Lafferty 2001 Conditional Random Fields

From Cohen Courses
Revision as of 20:22, 26 September 2010 by PastStudents (talk | contribs)
Jump to navigationJump to search

Citation

John Lafferty, Fernando Pereira, and Andrew McCallum. 2001. Conditional random fields: Probabilistic models for segmenting and labeling sequence data. In ICML.

Online version

An online version of this paper is available [1].

Summary

This paper introduces Conditional Random Fields as sequential classification model. They improve over HMMs and MeMMs in the follwing ways:

  • Unlike HMMS, they allow the addition of arbitrary features of the observations.
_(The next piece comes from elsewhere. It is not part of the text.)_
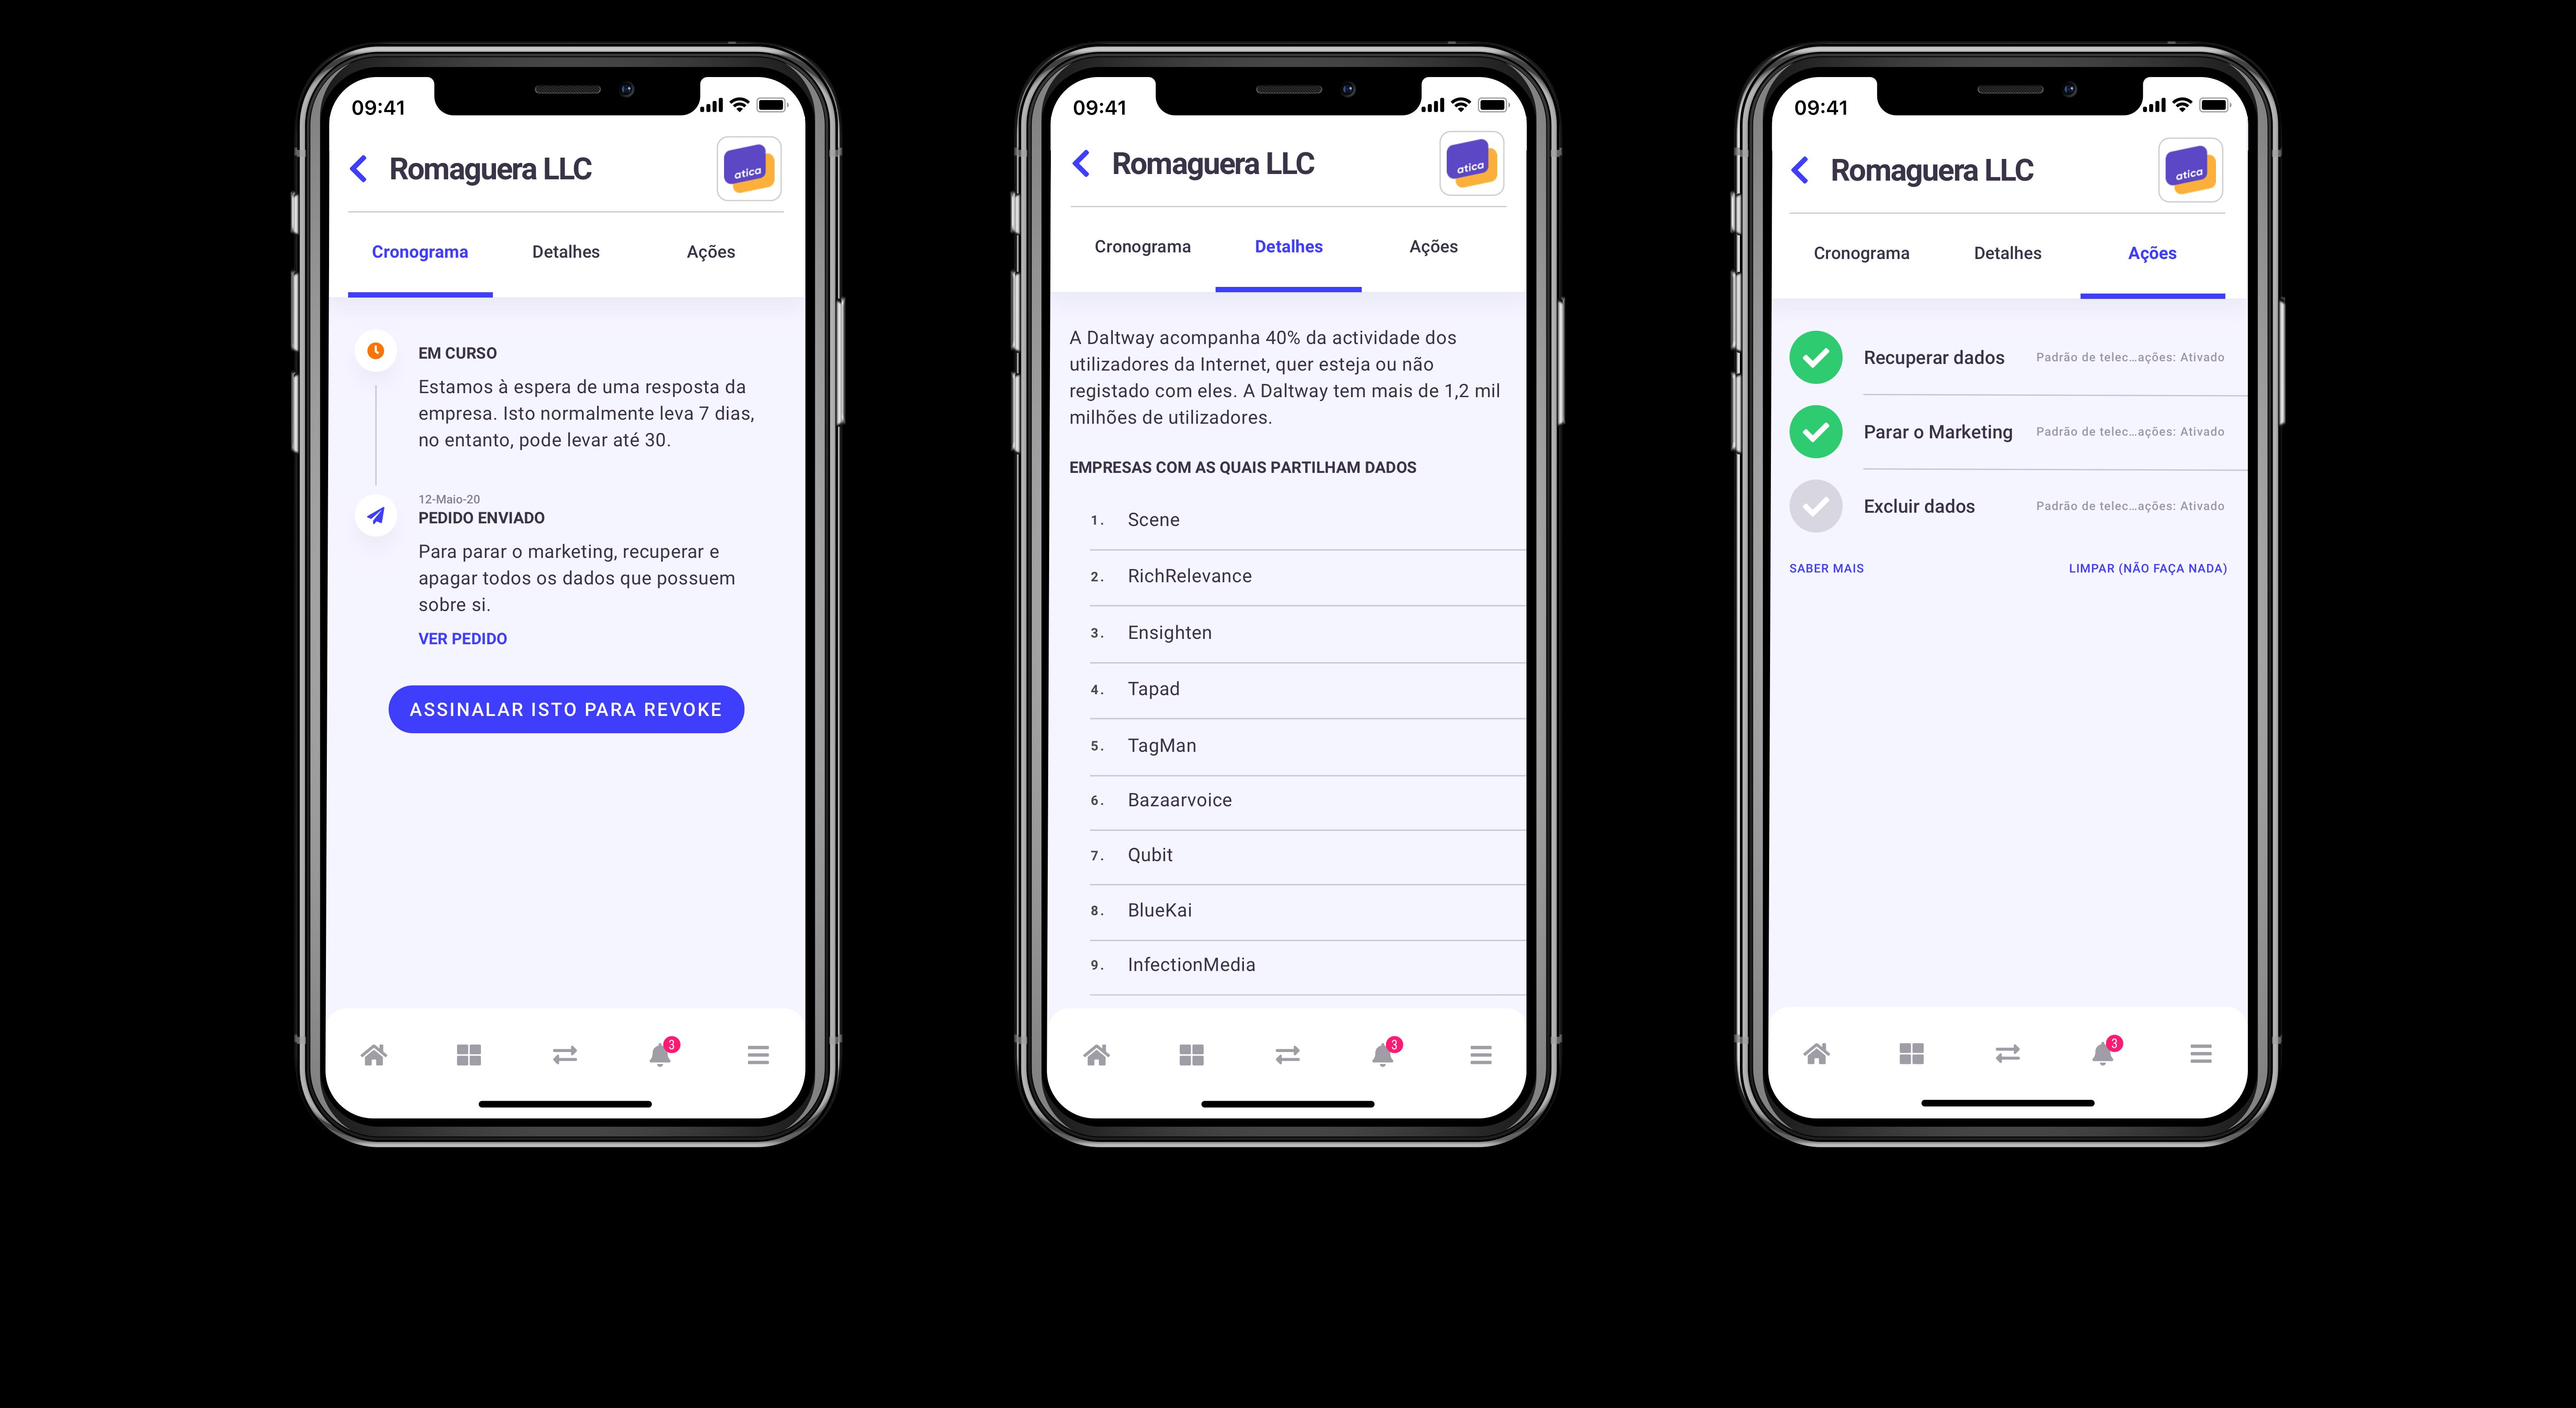 https://revoke.com/wp-content/uploads/2020/09/customer-submits-data-portuguese.png

These features can be at any level of the observations, and can also be overlapping.
  • Unlike HMMs, they are optimized according to the conditional likelihood of the state sequence given the observation sequence, instead of according to their joint likelihood, as HMMs are. Consequently, they are able to achieve greater accuracy for many NLP sequential labeling tasks.
  • Unlike MeMMs, they are normalized globally instead of locally over the input observation sequence. This helps them avoid the label bias problem in MeMMs, where the transitions going out from a state compete only against each other, as opposed to all the other transitions in the model.
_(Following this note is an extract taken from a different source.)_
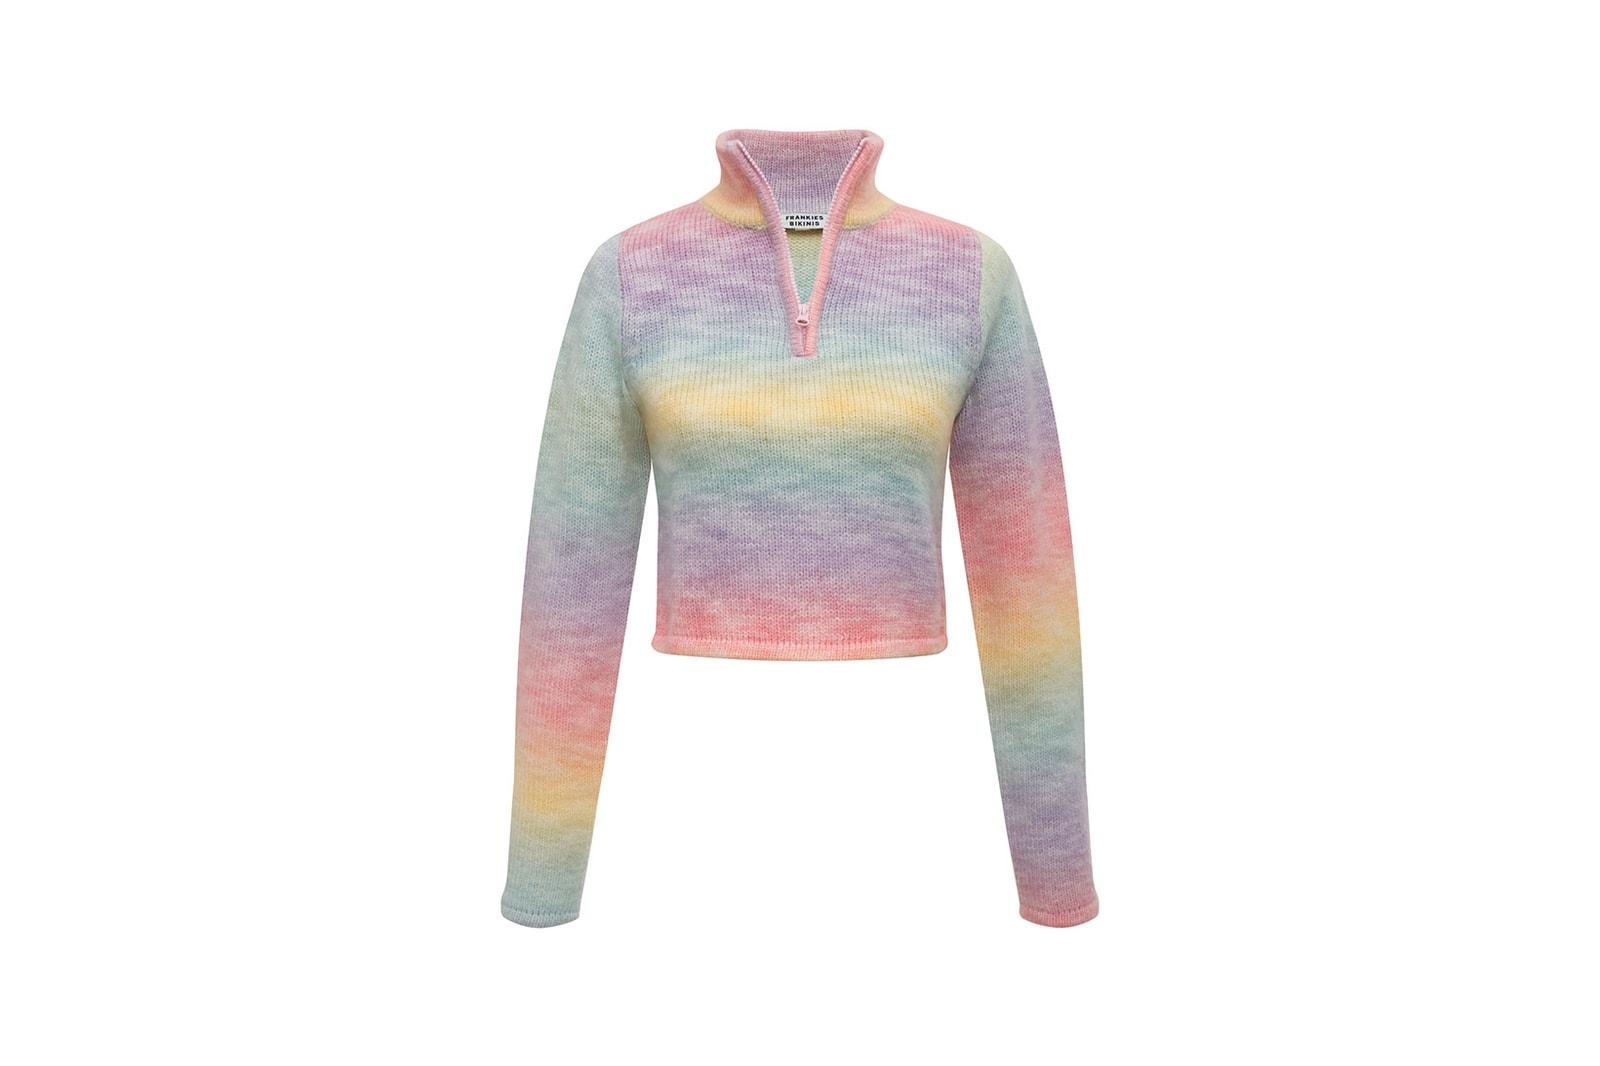 frankies bikinis knits loungewear collection hoodie halter dress pink blue white purple yellow

The key points of Conditional Random Fields, as introduced by the paper are:

  • There are no directed arcs from observations to states or vice versa, rather the model is a type of undirected Markov Random Field.
  • Flow going out of the states need not be normalized and sum to 1.
  • The structure of the model is generative, as HMMs, but the optimization criterion is conditional likelihood, as in MeMMs.
  • Unlike MeMMs, inference is required during training. This makes training substantially slower than for MeMMs.
  • For testing however, inference can be efficently done by using a modified Viterbi algorithm, just as in HMMs and MeMMs.
  • Training is performed using Improved Iterative Scaling.
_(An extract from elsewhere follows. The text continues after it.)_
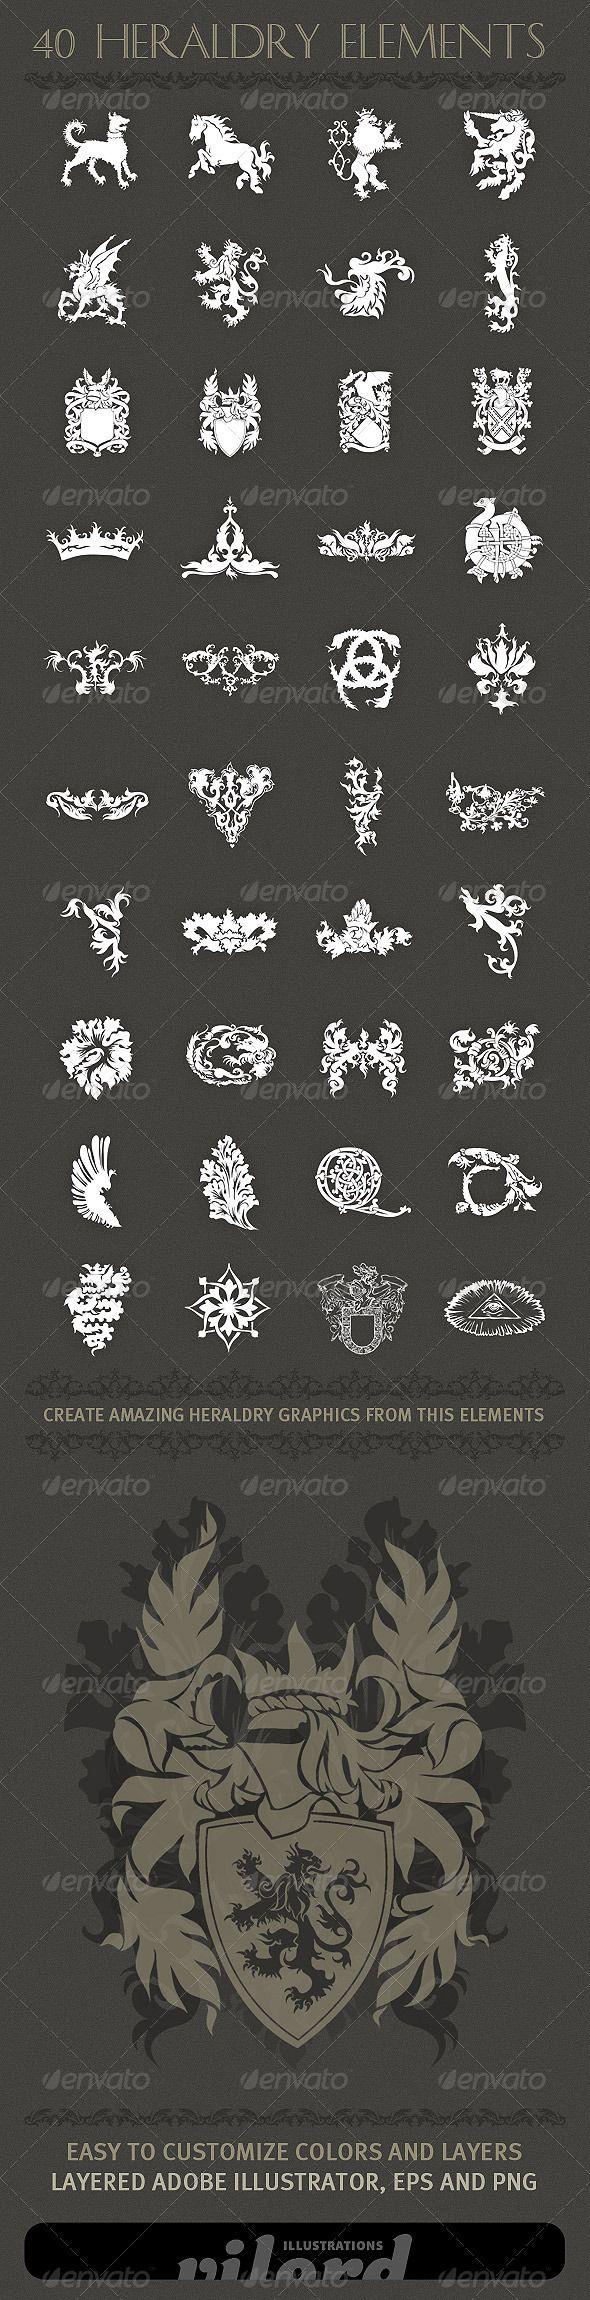 40 Heraldry Crest Elements
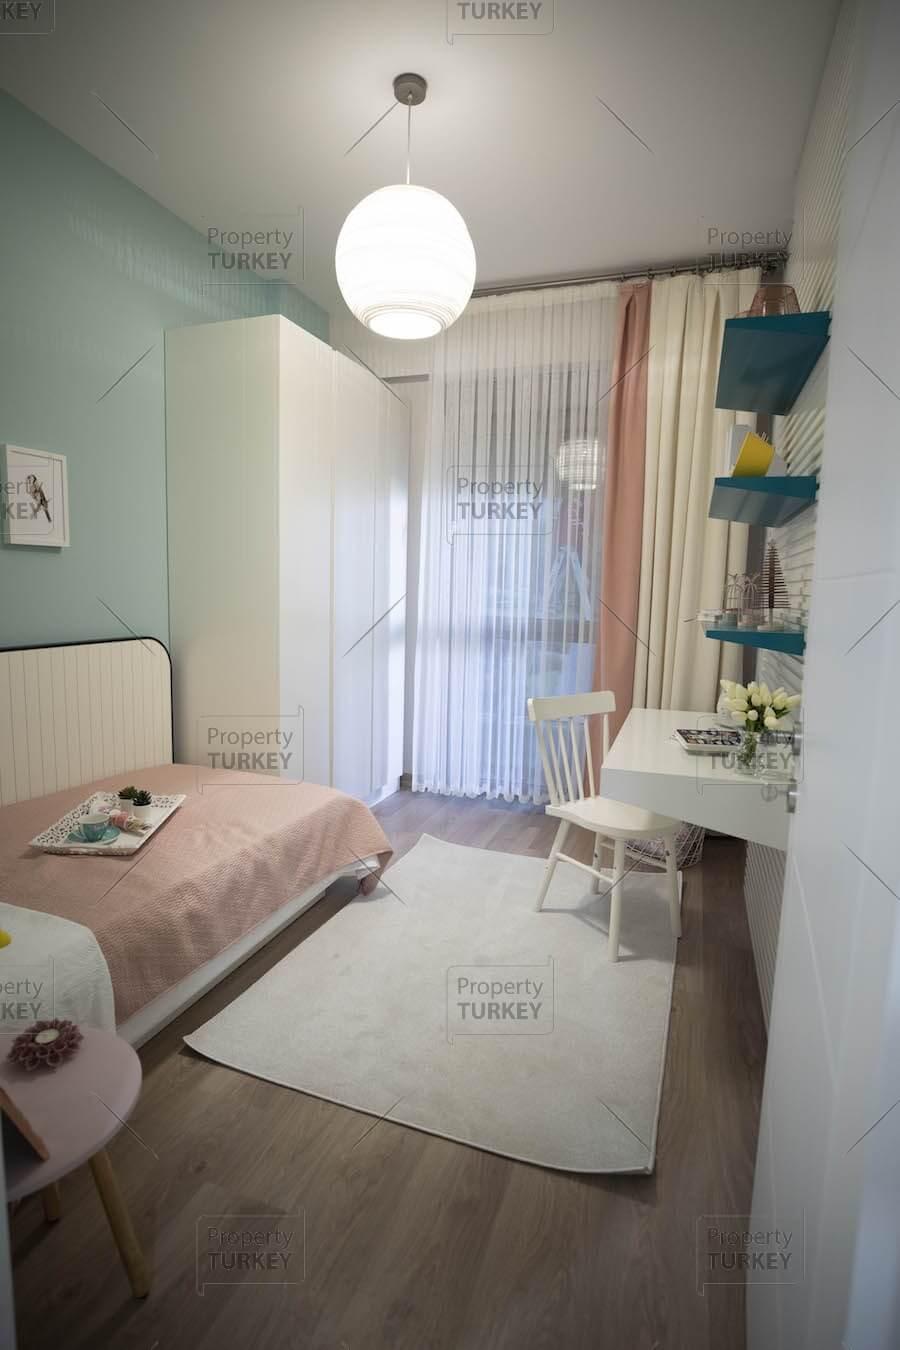 Apartments room

CRFs are considered state of the art for sequential labeling tasks in NLP. After this paper, subsequent research has introduced faster ways of training CRFs such as L-BFGS, Stochastic Gradient Descent, etc.

Related papers

The Sha 2003 shallow parsing with conditional random fields uses a simpler version of CRFs called linear-chain CRFs ,that model the states as being a chain, to perform NP (Noun Phrase) chunking.